Sapowith and the BCRC community are nearing the completion of a multi-year sanctuary renewal project, ready to welcome new members who are interested in worshiping with them and joining the community.
Sapowith hasn’t always been a rabbi — or known that women could pursue the rabbinate.
After her undergraduate studies at Dartmouth College, Sapowith worked as an environmentalist in the nation’s capital and Quito, Ecuador. She served as a rabbinic intern for Gateways Beit Teshuva, a Jewish residential home for those recovering from addiction, during rabbinical school.
Following her 2003 ordination, Sapowith joined the clergy team at a Reform synagogue in Rochester, New York. She has now served the BCRC community for a decade and counting.

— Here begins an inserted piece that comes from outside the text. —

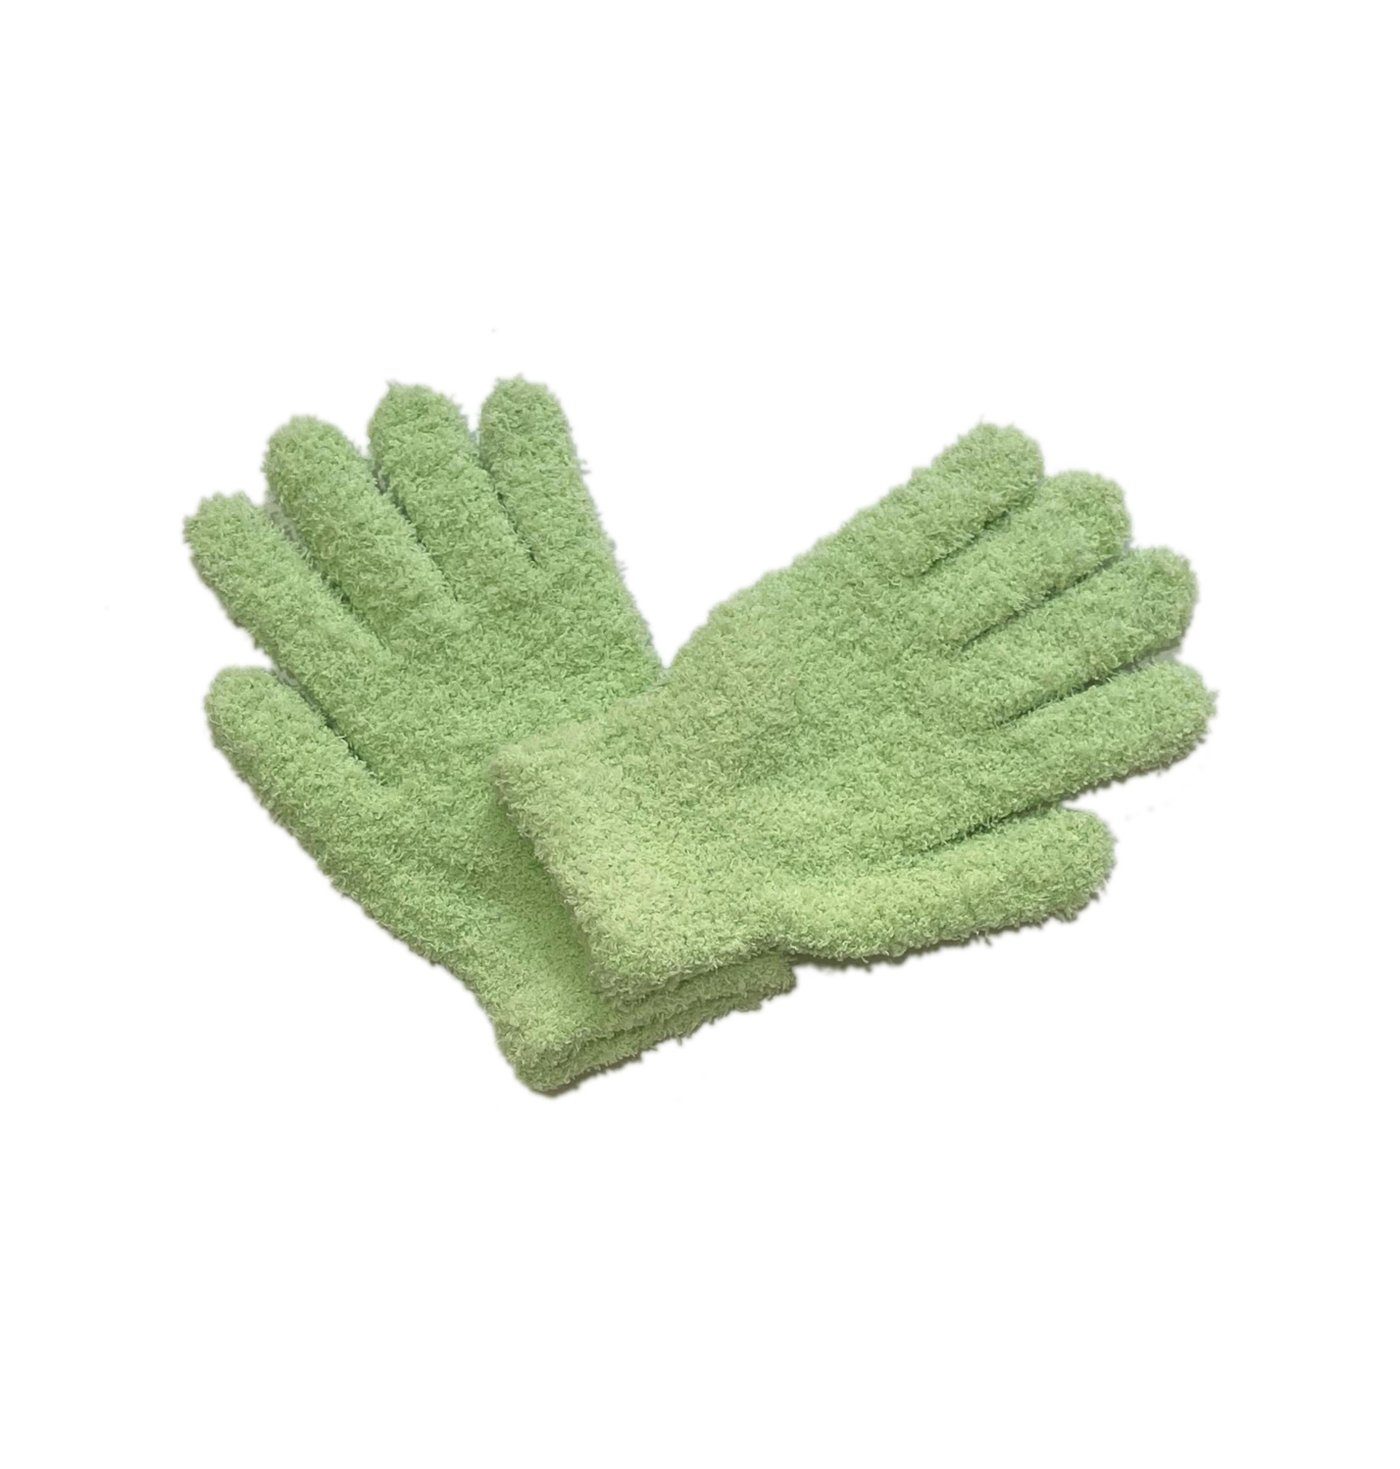 Uana Strickhandschuhe Coral Velvet Candy Colour Damenhandschuhe, Plüschhandschuhe grün

Sapowith didn’t grow up affiliated with any particular movement of Judaism. Rather, she was raised in a “very Jewish neighborhood” in the Boston area, attending Sunday school and observing the High Holidays at the nearby Brandeis Hillel.
“So I always associated my Judaism with a college campus,” she said.
Sapowith later gravitated toward the Reform movement, citing its egalitarianism and autonomy. “Those two things are part and parcel of being a modern person, and that felt very in line with my own sense of self and sense of Judaism in a way forward,” she said.
The rabbi is also part of Re-CHARGING Reform Judaism, which she describes as a “movement within a movement to revisit our connection to Israel” and strengthen the community’s ties to Israel and Zionism.
But Sapowith’s work extends beyond any one movement. She has joined interfaith efforts and served as a connector between communities. At Temple Sinai in Rochester, Sapowith led a congregational peoplehood tour to Spain. She worked to connect temple youth with peers in Spain.
“I love practicing my Spanish and developing relationships with other Jewish communities around the world,” Sapowith said.
She’s forging similar connections locally, as “intra-Jewish relations” are a priority of hers.
The BCRC community has now held two Jewish Loudoun Reads events, with the first in December 2024, in hopes of deepening the relationships between BCRC and two other area synagogues through book club gatherings.
“We’re trying to get the Jews from our congregations, and even [those who are] not affiliated, involved in a larger project,” Sapowith explained.
She and the other two northern Virginia rabbis are planning a multicongregational trip to Israel together this December. Sapowith eventually hopes to establish a sister congregation in Israel. Closer to home, she wants to teach another cohort of her adult b’nai mitzvah course.
Her overarching goal? “Continuing this lifelong learning and continue to strengthen community out here in the hinterlands of Virginia.”